Tuesday, September 26, 2006

Movies: September 18 - 24

Bamboozled (2000): This Spike Lee joint is the one film of his I have been the most apprehensive about watching. I heard very little that was positive about the movie and I knew it had something to do with actors in blackface and racism. It does, but it happens to be an excellent movie. Pierre Delacroix (Damon Wayans) is a writer for a television network and is the one black writer there. With the network behind in the ratings his white boss (Michael Rappaport), after telling the Harvard educated Pierre that he is blacker than Pierre is, tells Pierre to dig deep into his blackness and to come up with an urban show that will get people watching. Previously Pierre had been pitching high concept shows, but in frustration decides to push the envelope so far that his boss will see that the shows Pierre actually wants to write are worth making. Pierre comes up with the most racist, most offensive idea that would never in a million years be made in the twenty first century: an update of the minstrel show, except where the black actors will be in "blackface" make up, set back in a watermelon patch on a southern plantation, where the characters call themselves "coons". To Pierre's surprise and his assistant's (Jada Pinkett-Smith) horror, Michael Rappaport loves the idea and wants to make the show. The show, which we get to see segments of, is filmed in front of a studio audience and it becomes a popular and critical hit. The show was pitched as a satire, but it is clear that it is doing nothing more than revisiting and re-affirming the concept that black people (and perhaps people in general as there is a scene where other races and cultures identify themselves with the characters) are nothing but ignorant, dancing, singing buffoons. Thinking people know that this is absurd, and Jada Pinkett-Smith's character spends a good amount of time trying to get this across and to convince Pierre and the lead actors in the show that by being a part of this show that they are nothing more than exactly what the show is purportedly making fun of. Bamboozled is a tragedy in the theatrical sense of the flaws in certain characters causing their downfalls, and this film is a powerful, if a little heavy handed, exploration of what it means to be a black entertainer in an industry run by white men.

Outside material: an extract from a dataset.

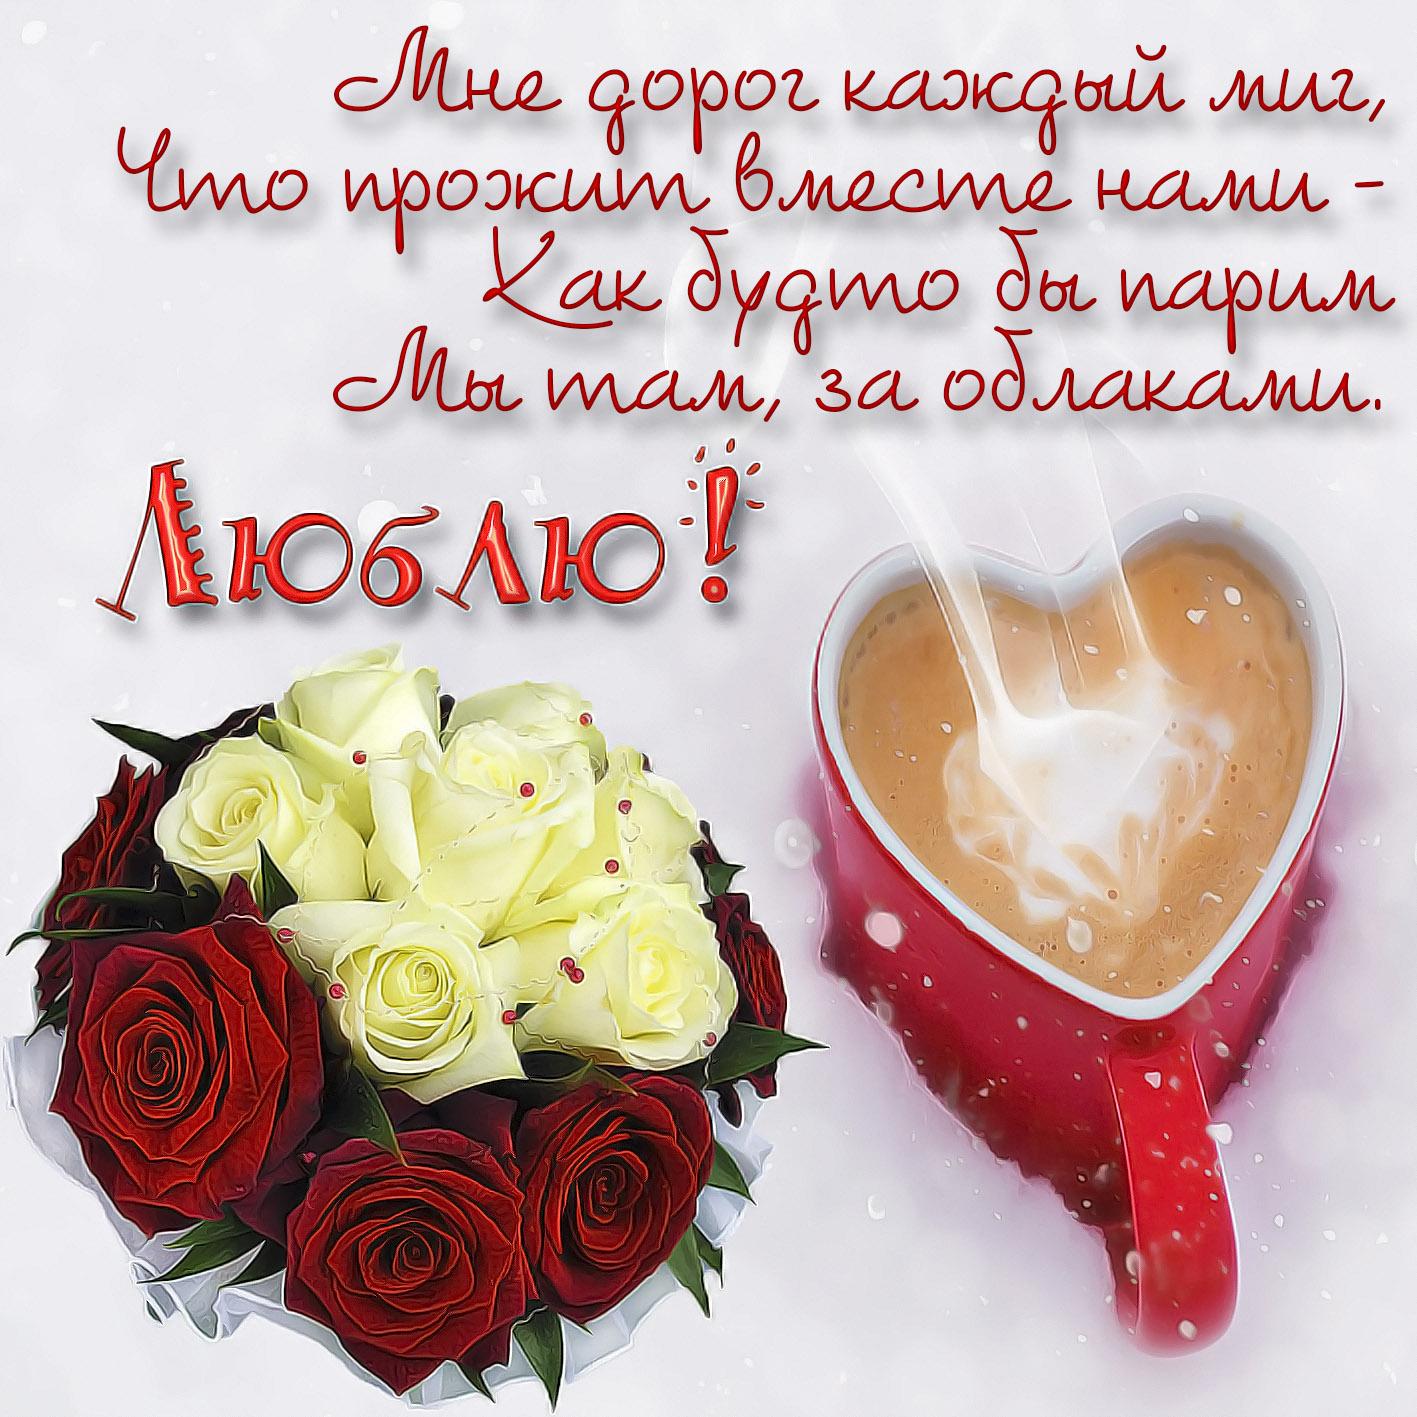 Открытка люблю - чашечка кофе в виде сердечка

Take the Money and Run (1969): The early Woody Allen was an experimental Woody Allen. In this flick he employs a documentary style with action and zaniness mixed in. He plays an inept career criminal and hijinks really do ensue. Various characters discuss Allen's character's life as if they are being interviewed and tell us about him, all in the early comedic style that Allen had: meaning that jokes a-plenty abound. I do get tired of seeing Woody Allen in each of his films, but I will just have to get over that because he stars in most of his movies.

Sex, Lies, and Videotape
(1989): This movie felt empty. Andie MacDowell's husband is cheating on her with her sister. MacDowell and her husband are no longer intimate. A college friend of his comes to town to stay with them for a short period of time and it turns out that he has a fetish where he videotapes women talking about sex and everything they have done and want to do. MacDowell is repulsed, but is friendly with the friend. The sister is intrigued because she is of loose morals, and the husband is concerned because this may mess with his two relationships (wife and mistress). And, I do not care about these characters. They are all somewhat slimy, except for MacDowell who is just sad. There is no joy in Mudville. Even so, this was a well put together film by Steven Soderbergh and it flows well and does not drag. It is just a film filled with unlikeable characters.